El tratamiento de la depresión es fundamental en pacientes diagnosticados con VIH. Si no se trata, la depresión puede hacer que las personas infectadas por el VIH dejen de recibir tratamientos, dejen de acudir a las citas médicas y no se dediquen activamente al cuidado personal en general. Además, no tratar la depresión puede llevar a comportamientos más riesgosos, incluido el abuso de alcohol, el uso de drogas y el descuido en comportamientos que pueden infectar a otras personas con el VIH. Además de hacer que la enfermedad del VIH progrese a un ritmo más rápido de lo normal, la depresión puede provocar la muerte por suicidio y una baja calidad de vida en general.

La buena noticia es que existen opciones de tratamiento disponibles para ayudarlo a sobrellevar su depresión, lo que a su vez también puede mejorar su pronóstico del VIH. Los cambios en el estilo de vida y los medicamentos han sido herramientas eficaces para ayudar a las personas con VIH a combatir la depresión.

Se ha demostrado que los medicamentos antidepresivos son herramientas eficaces en el tratamiento de la depresión. Si está tomando antidepresivos y también está lidiando con el VIH, preste mucha atención a los efectos secundarios mientras toma estos medicamentos.
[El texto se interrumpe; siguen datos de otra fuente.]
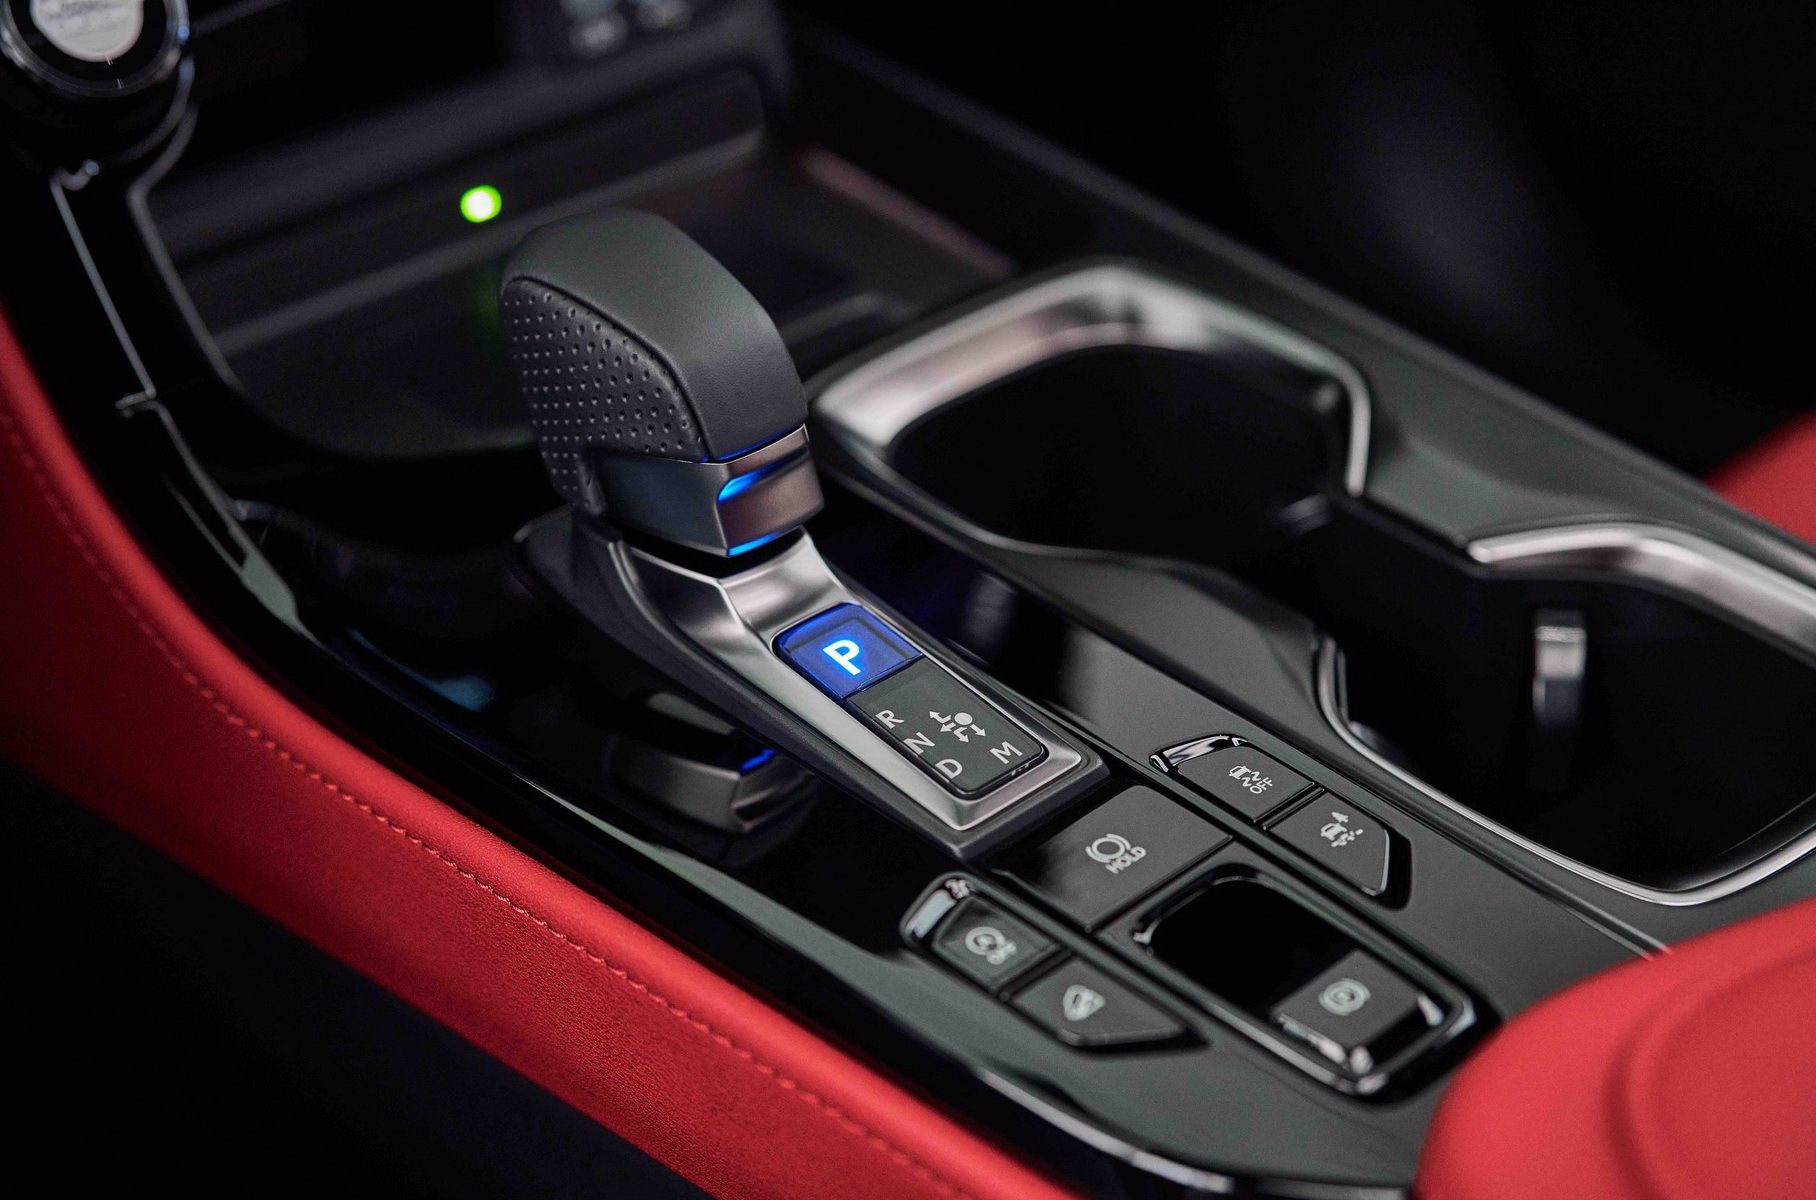 Новый Lexus NX обзавелся турбомотором 2.4 и отличился дизайном интерьера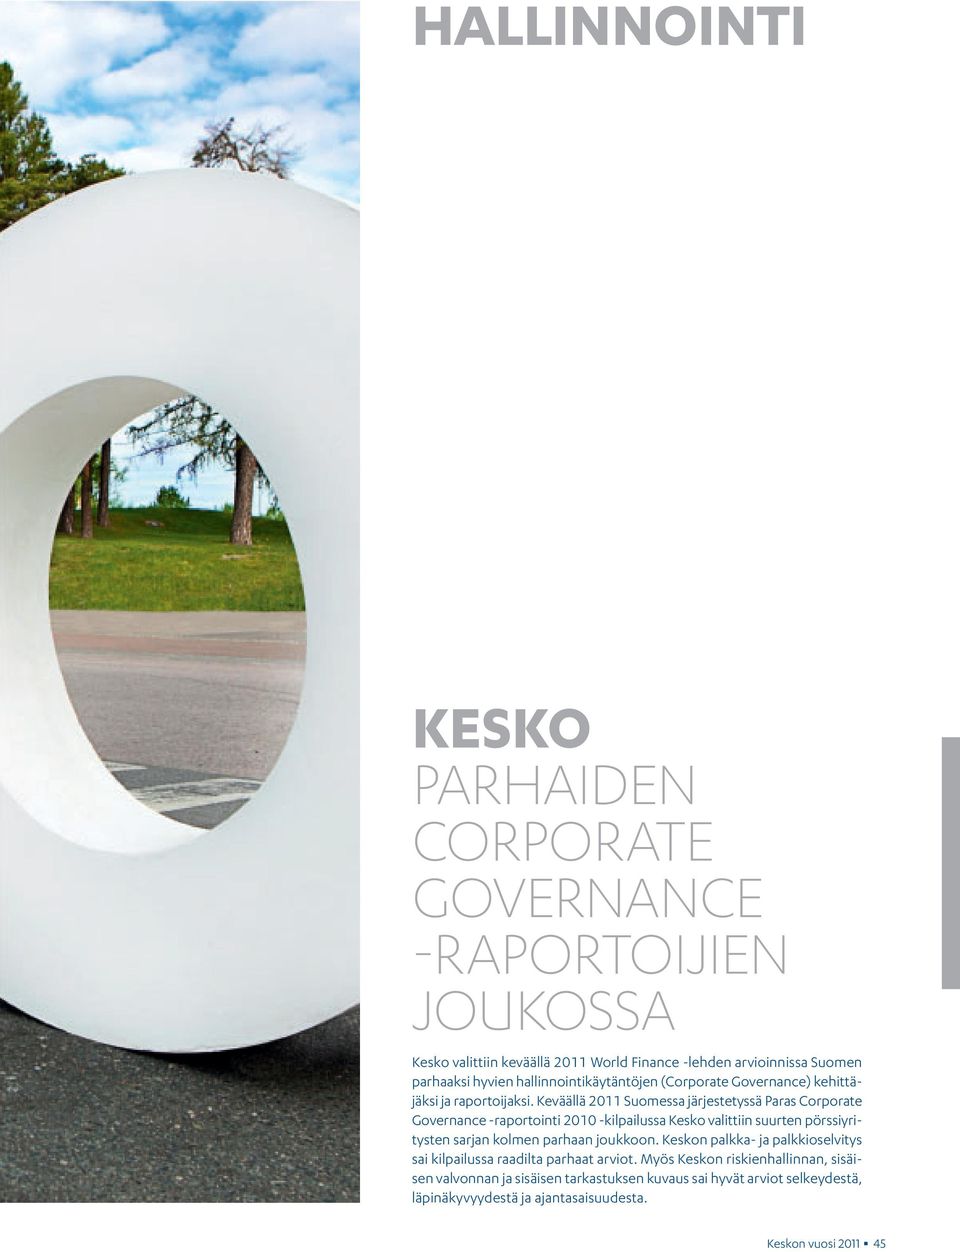 Keväällä 2011 Suomessa järjestetyssä Paras Corporate Governance -raportointi 2010 -kilpailussa Kesko valittiin suurten pörssiyritysten sarjan kolmen parhaan

Esto se debe a posibles interacciones entre los antidepresivos y otros medicamentos que esté tomando para su infección por VIH. Los antidepresivos que se recetan con mayor frecuencia son los inhibidores selectivos de la recaptación de serotonina (ISRS) y los antidepresivos tricíclicos. Ambos pueden causar efectos secundarios, como pérdida del deseo y la función sexual, dolores de cabeza, insomnio, fatiga, latidos cardíacos irregulares, estreñimiento y malestar estomacal. Todos los medicamentos deben tomarse bajo el cuidado de un médico.

También se ha descubierto que ciertos cambios en el estilo de vida son eficaces para tratar la depresión cuando se le ha diagnosticado el VIH. Estos incluyen ejercicio regular y exposición a la luz solar, asesoramiento, manejo del estrés y mejores hábitos de sueño. También se ha descubierto que el masaje y la acupuntura son buenas terapias alternativas a la depresión.

Para aprovechar al máximo sus tratamientos:

  • Ir a chequeos médicos de rutina
  • No deje de tomar sus medicamentos contra el VIH o la depresión (a menos que lo recomiende un médico)
  • Aprenda todo lo que pueda sobre sus dos afecciones, el VIH y la depresión, y conozca las señales y síntomas de advertencia.
  • Evite las drogas y el alcohol
  • Asistir con regularidad a las sesiones de asesoramiento.